• **Information provided**:
# # #
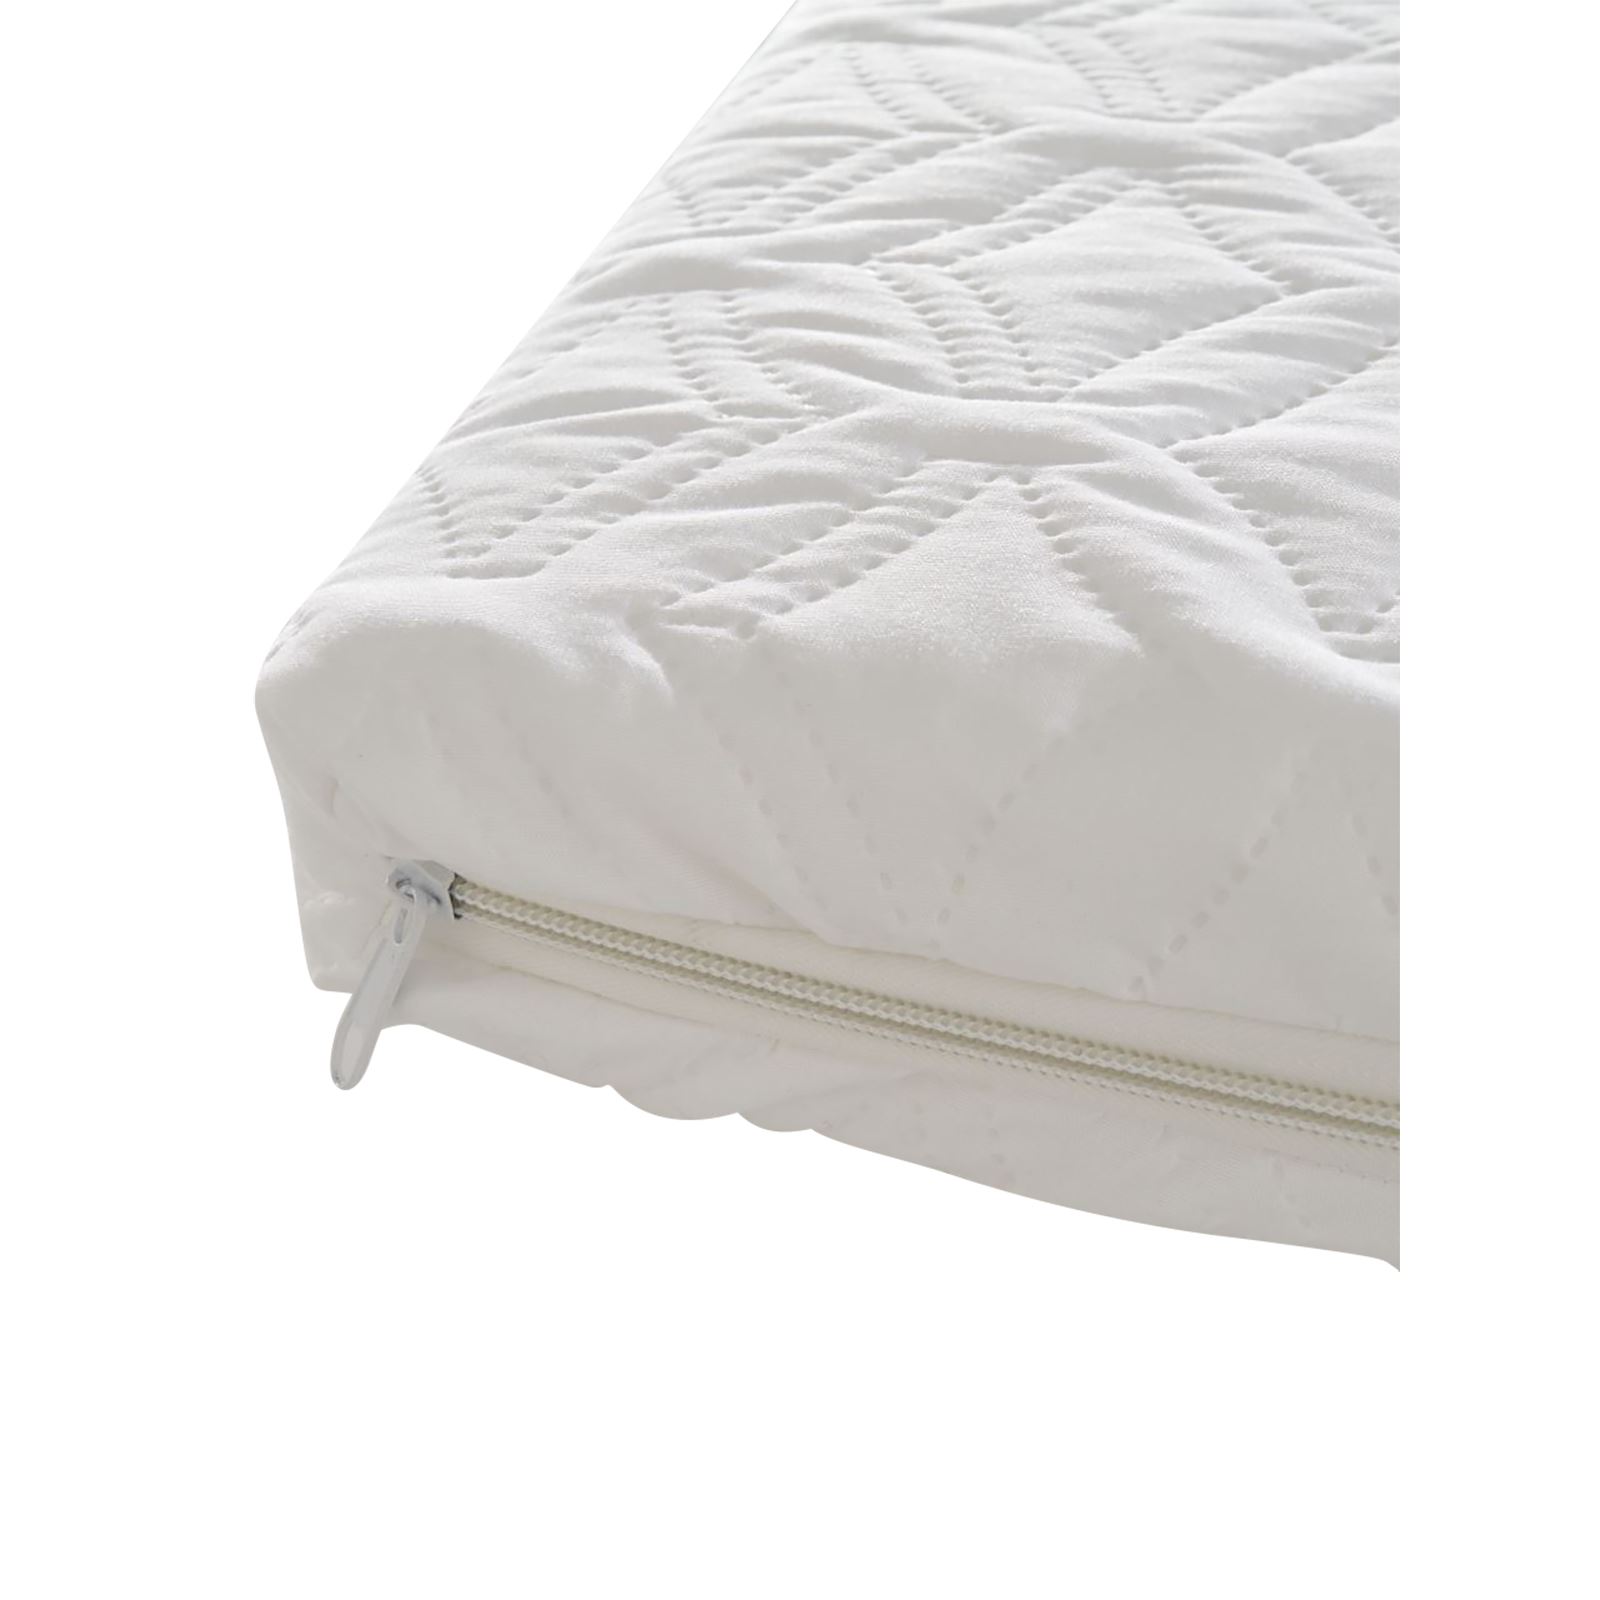 Keremce Lüks Sünger Oyun Parkı Yatağı 60x120 Yatak Beyaz
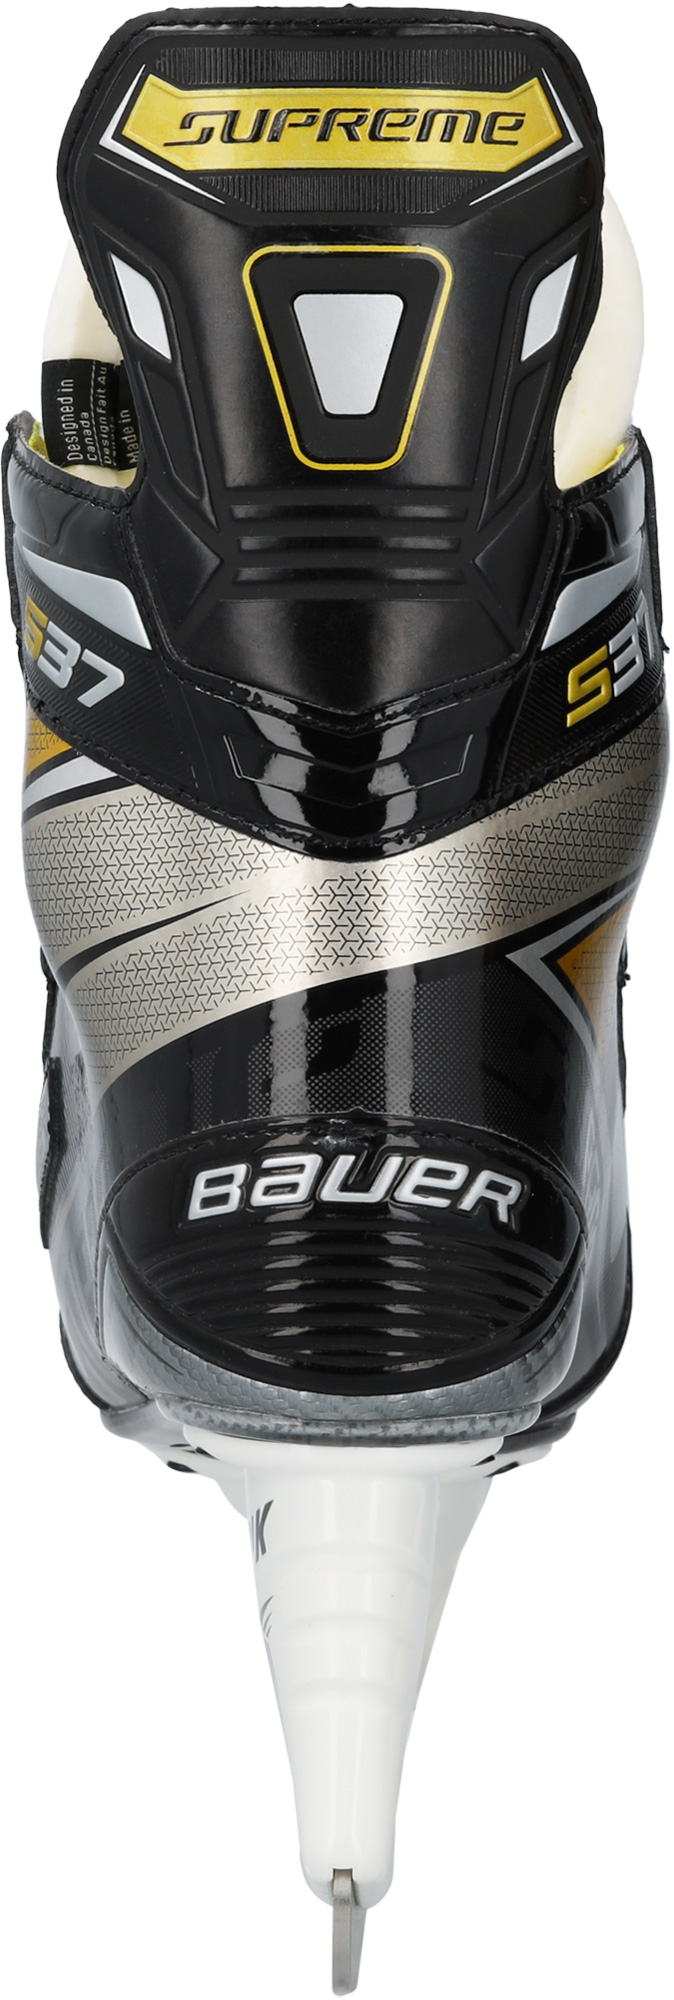 Коньки хоккейные BAUER Supreme S37 S20 SR взрослые(9,5 SR / EE/9,5)
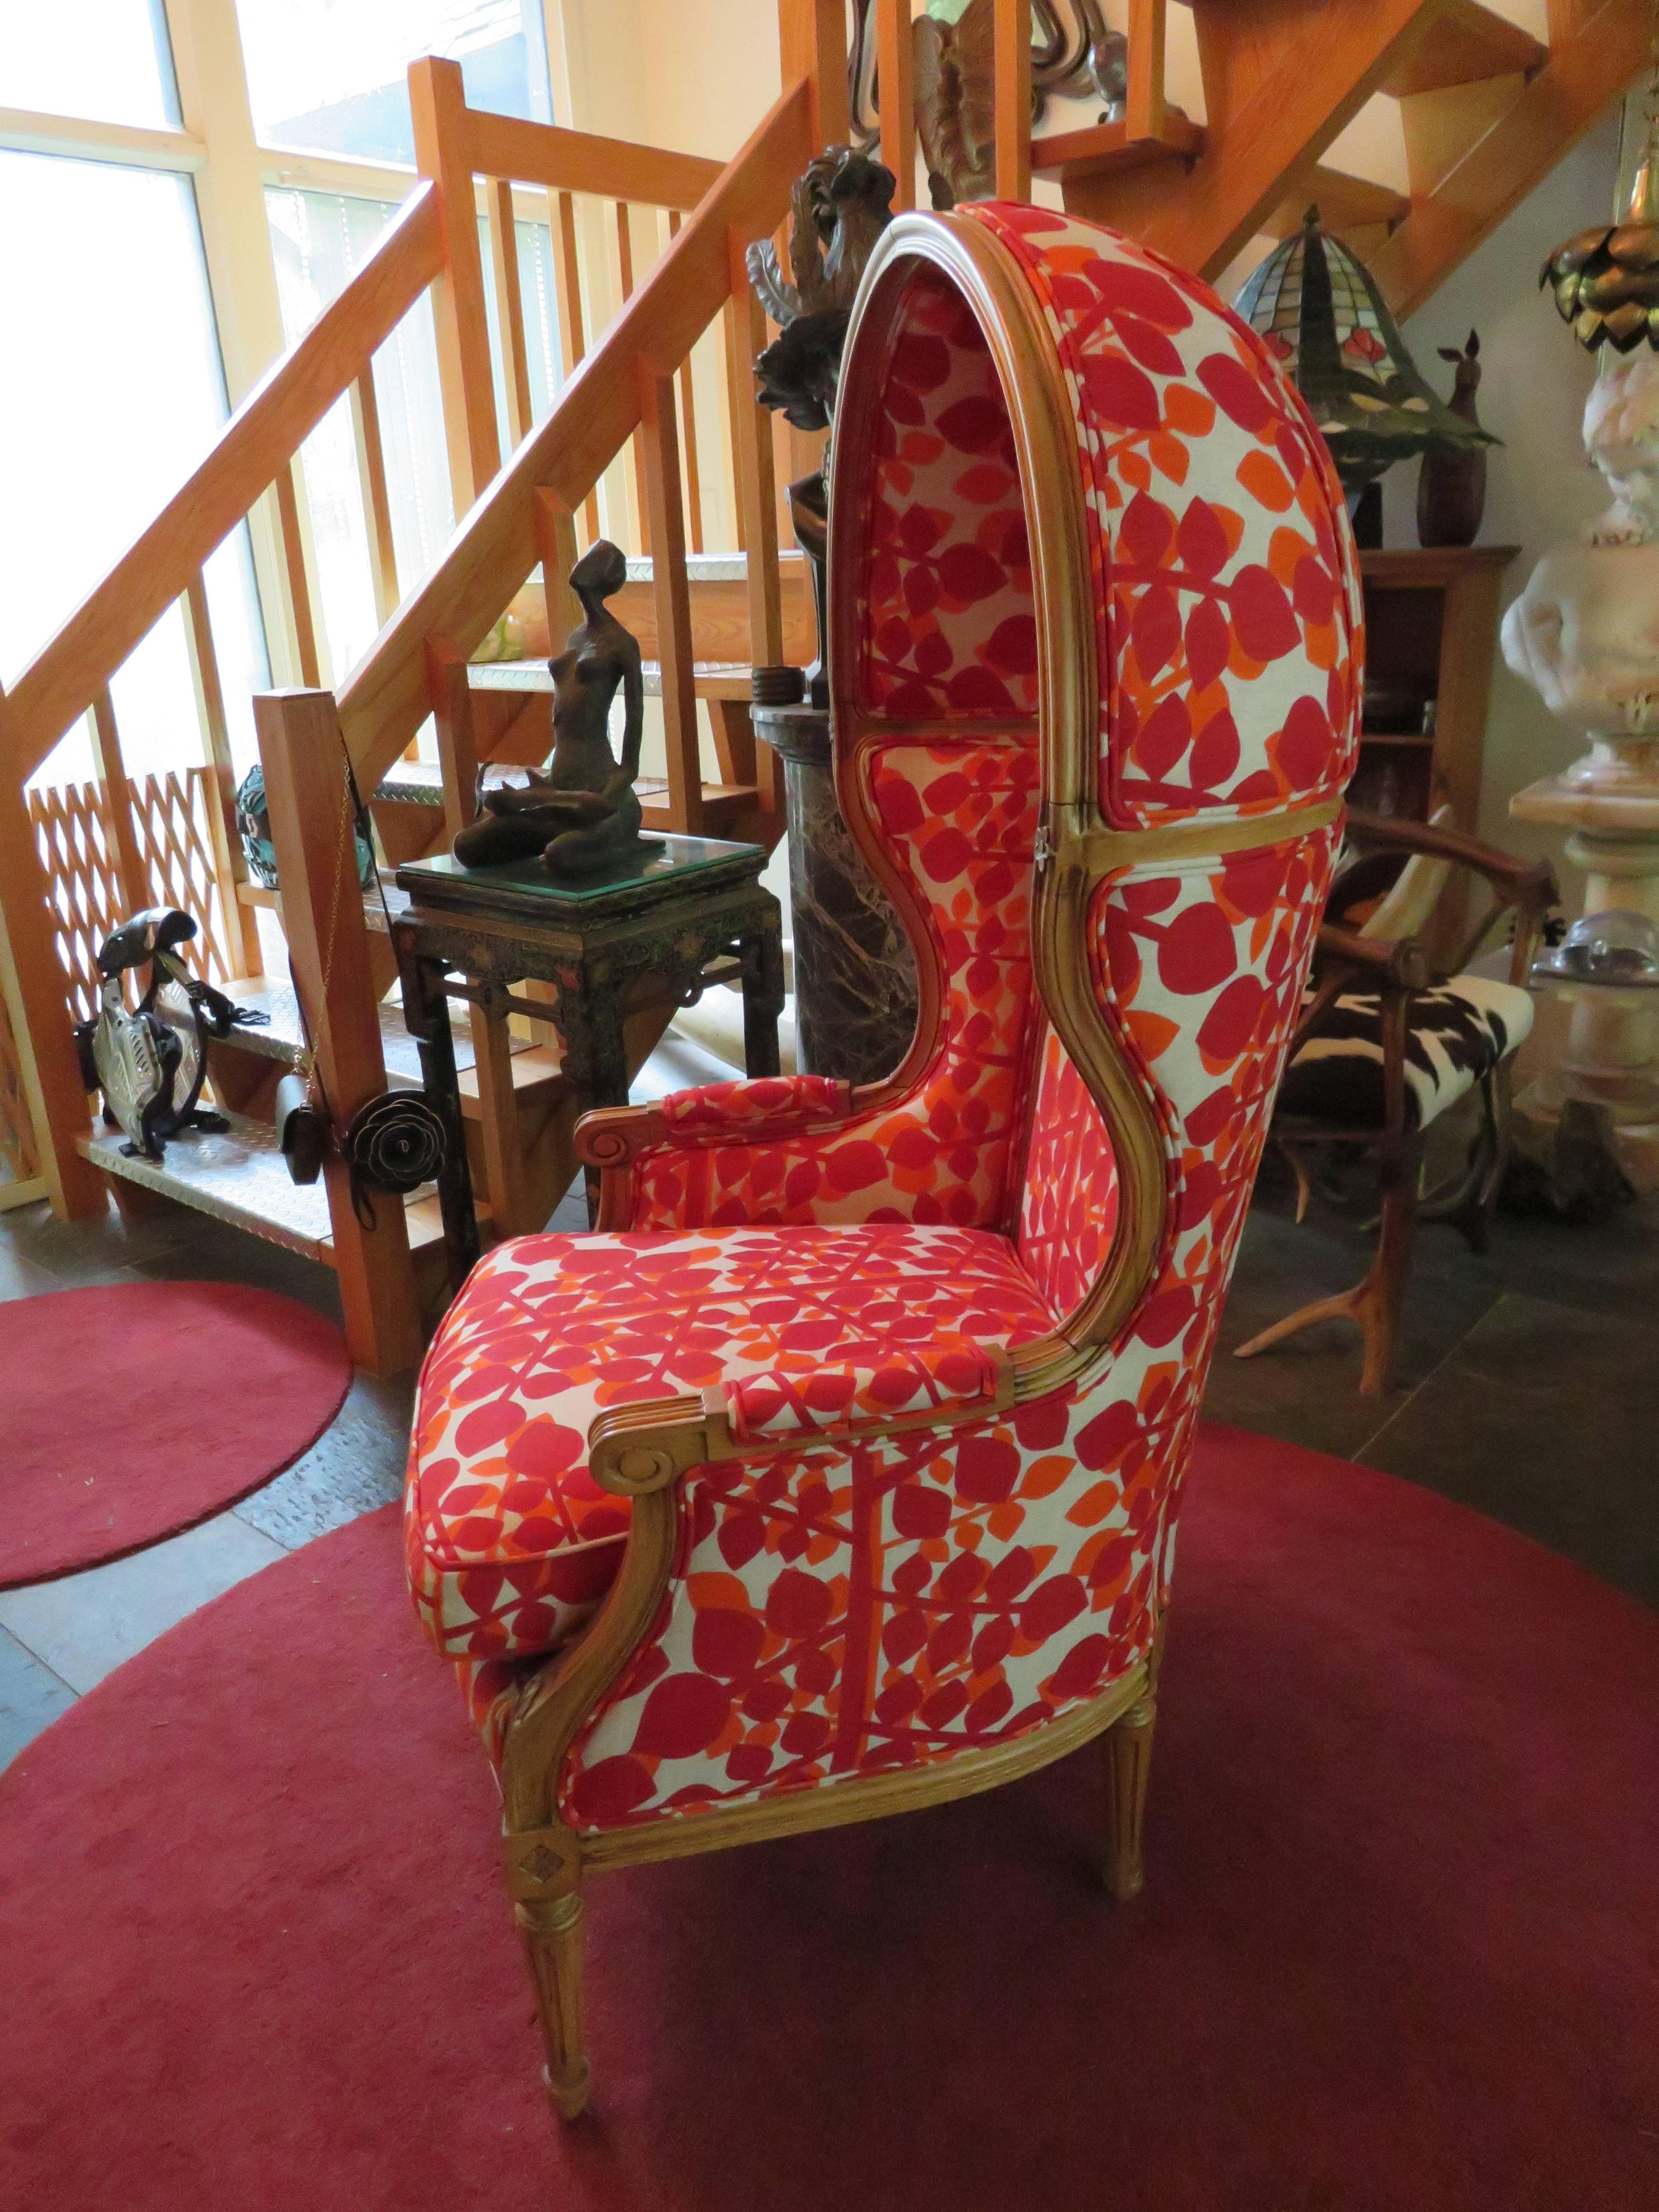 Magnifique chaise à baldaquin vintage sculptée française retapissée avec du lin vintage.  Nous avons fait des folies au niveau du revêtement lorsque nous avons décidé de donner à cette chaise classique une nouvelle tournure avec un lin vintage à
# # #
• **Exercise description**: The line containing "Коньки хоккейные BAUER" and every line after it, through the end of the data, are to be output exactly. Omit the pictures.

• **Task solution**:
 Коньки хоккейные BAUER Supreme S37 S20 SR взрослые(9,5 SR / EE/9,5)
 Magnifique chaise à baldaquin vintage sculptée française retapissée avec du lin vintage.  Nous avons fait des folies au niveau du revêtement lorsque nous avons décidé de donner à cette chaise classique une nouvelle tournure avec un lin vintage à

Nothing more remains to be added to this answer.